Nasra Ali, une responsable de camp, a déclaré : « En juin, j’ai reçu plus d’une centaine de familles qui avaient fui Janale. Je les ai placées dans d’autres camps mais 40 sont encore en attente dans le mien. Elles n’ont pas de bâches pour se construire un logement de fortune. Il pleut et elles n’ont pas de couverture pour se maintenir chaud. Dans ces conditions, j’espère qu’elles ne vont pas tomber malades. »

Amnesty International s’est entretenue avec six familles expulsées de force par des propriétaires qui avaient repris possession de leur terrain entre mars et juin 2020. Nuriya Hassan, âgée de 40 ans et mère de cinq enfants, installée au camp de Dayah, à Kahda, a expliqué qu’elle avait été expulsée de force trois fois depuis septembre 2019.

Les expulsions forcées constituent une violation de plusieurs droits humains, dont le droit à un logement convenable, et sont par conséquent interdites en toutes circonstances. En cette période de pandémie, elles privent des personnes de logement, l’une des protections les plus importantes contre ce coronavirus.

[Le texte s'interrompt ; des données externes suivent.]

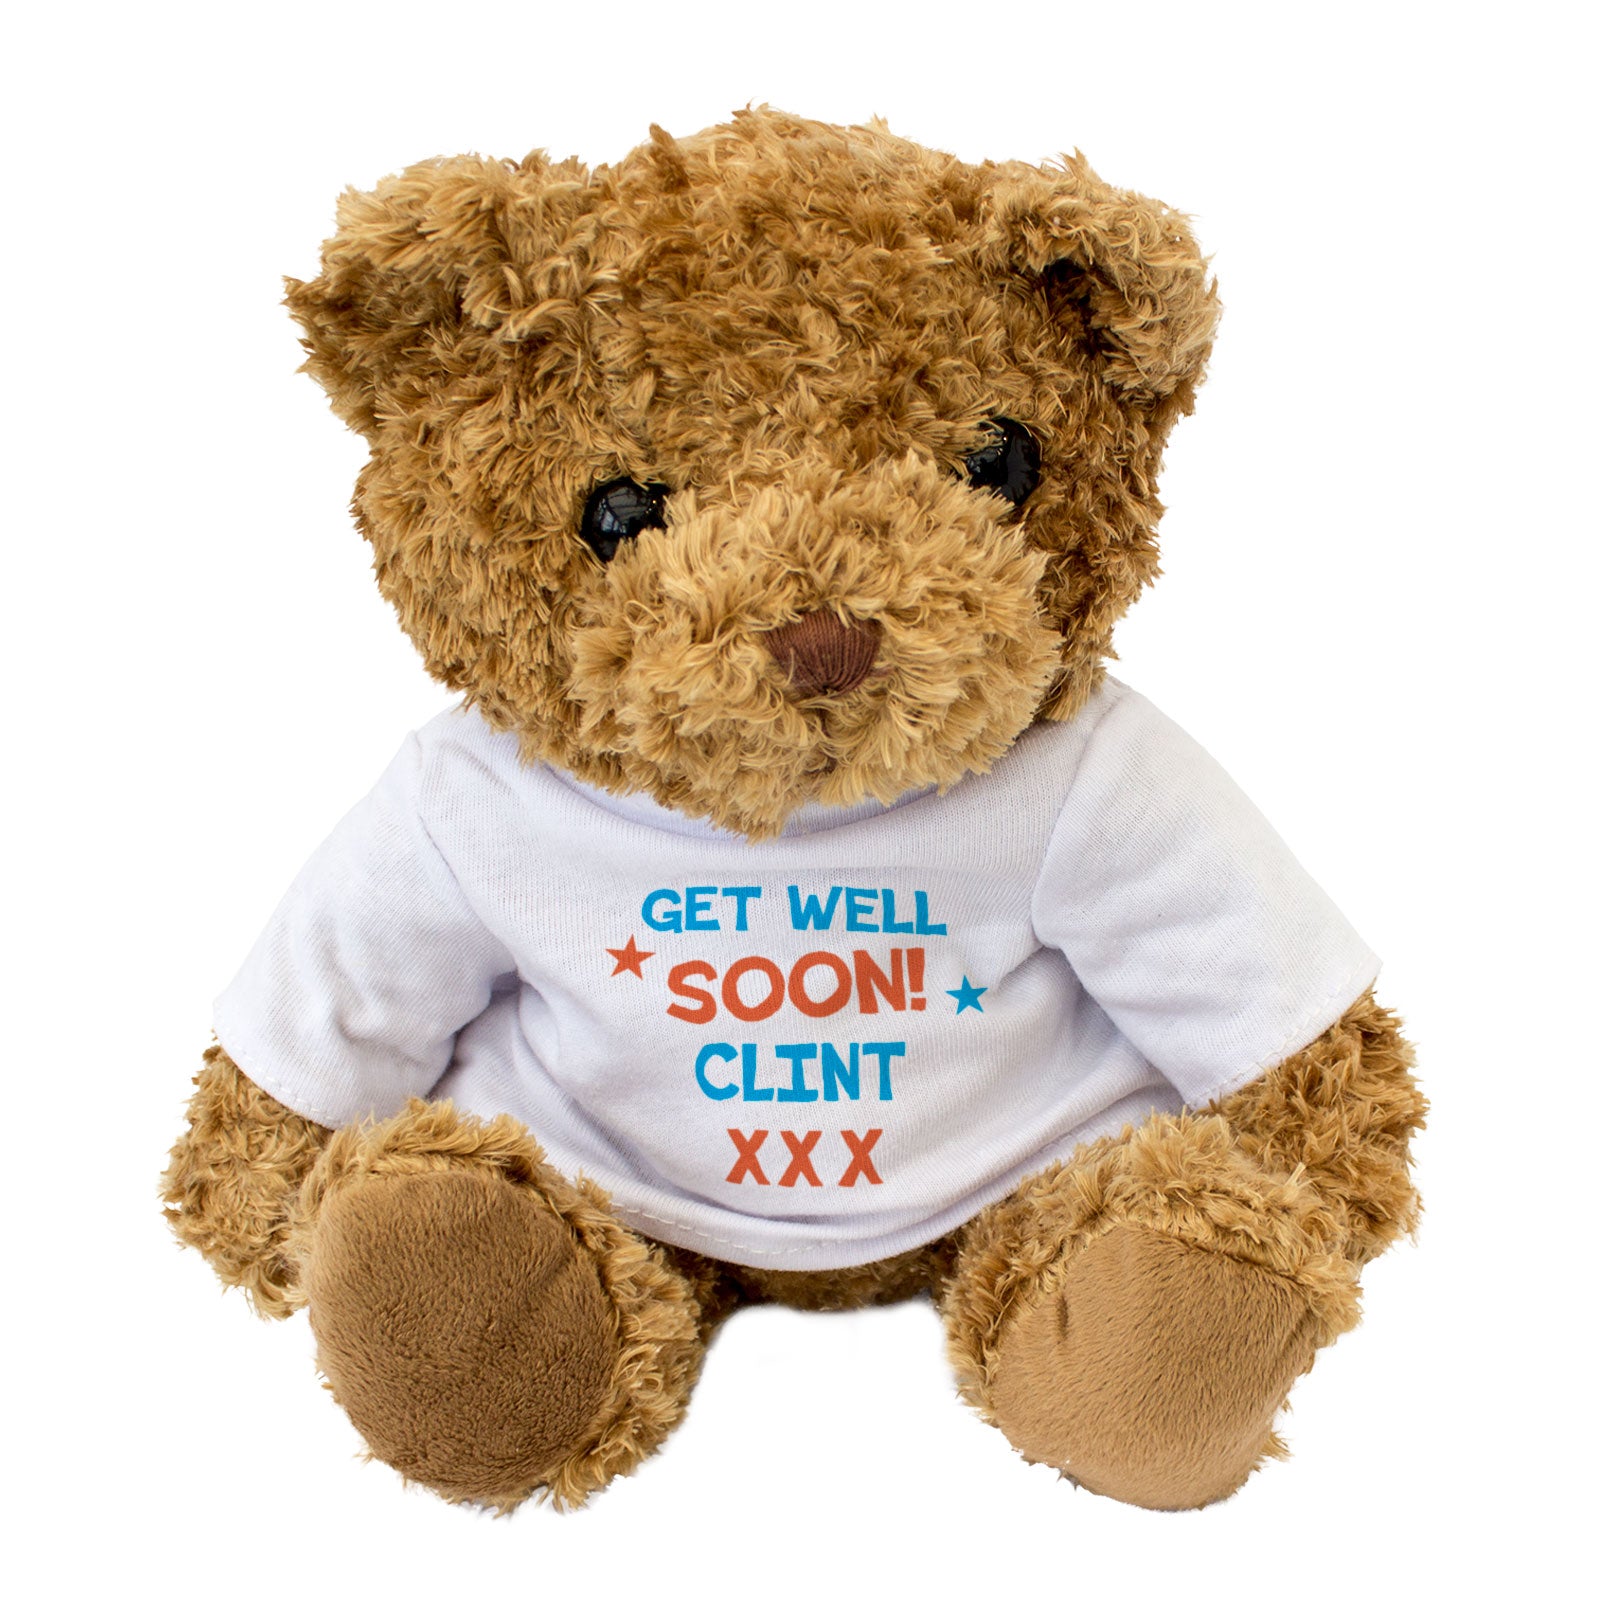 Get Well Soon Clint - Teddy Bear
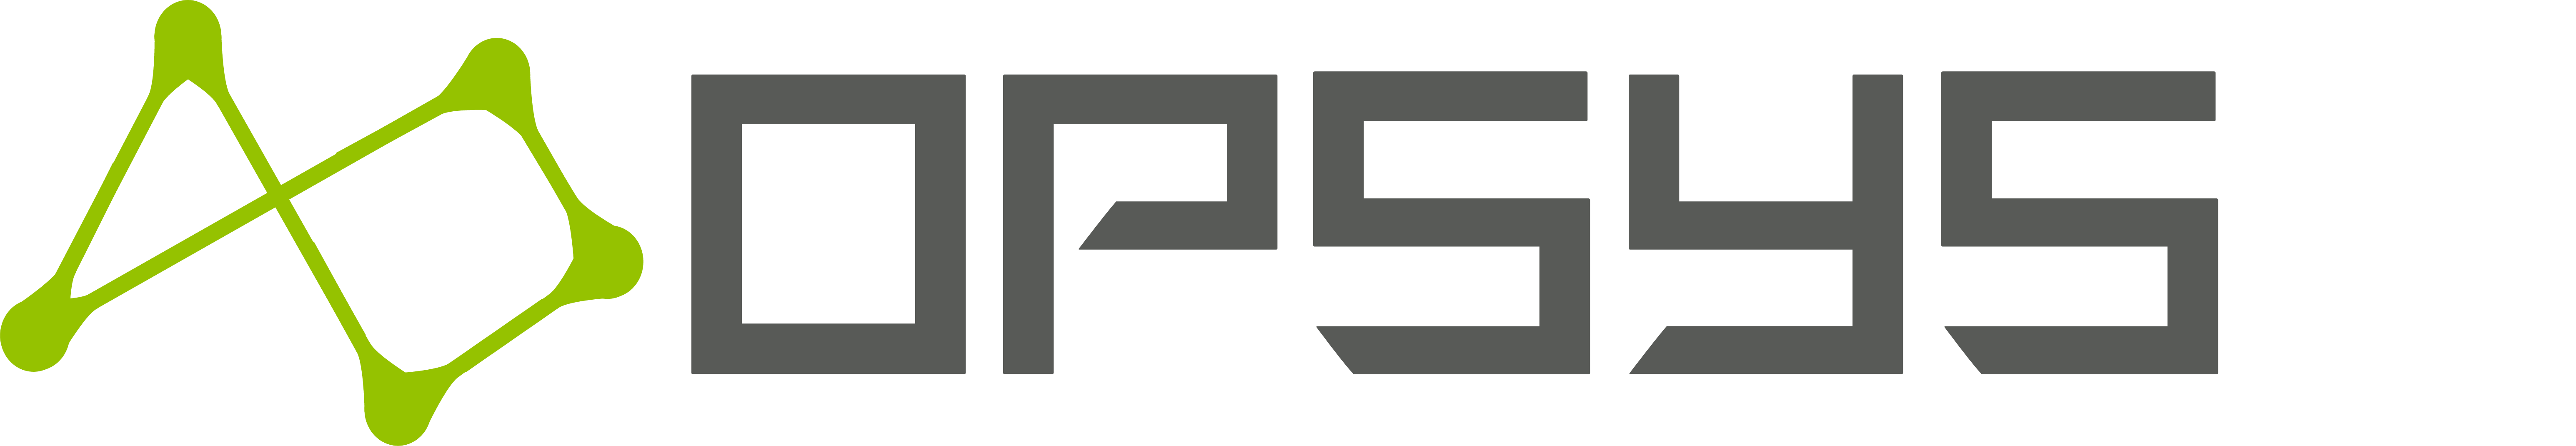 Opsys logo

« Il faut que les autorités instaurent un moratoire sur les expulsions forcées, y compris sur les sites occupés par des personnes déplacées. Elles doivent aussi veiller à ce que toute personne se retrouvant sans abri à la suite d’une expulsion forcée soit immédiatement relogée en lieu sûr. Si elles n’en sont pas capables, elles doivent se tourner vers l’assistance internationale », a déclaré Deprose Muchena.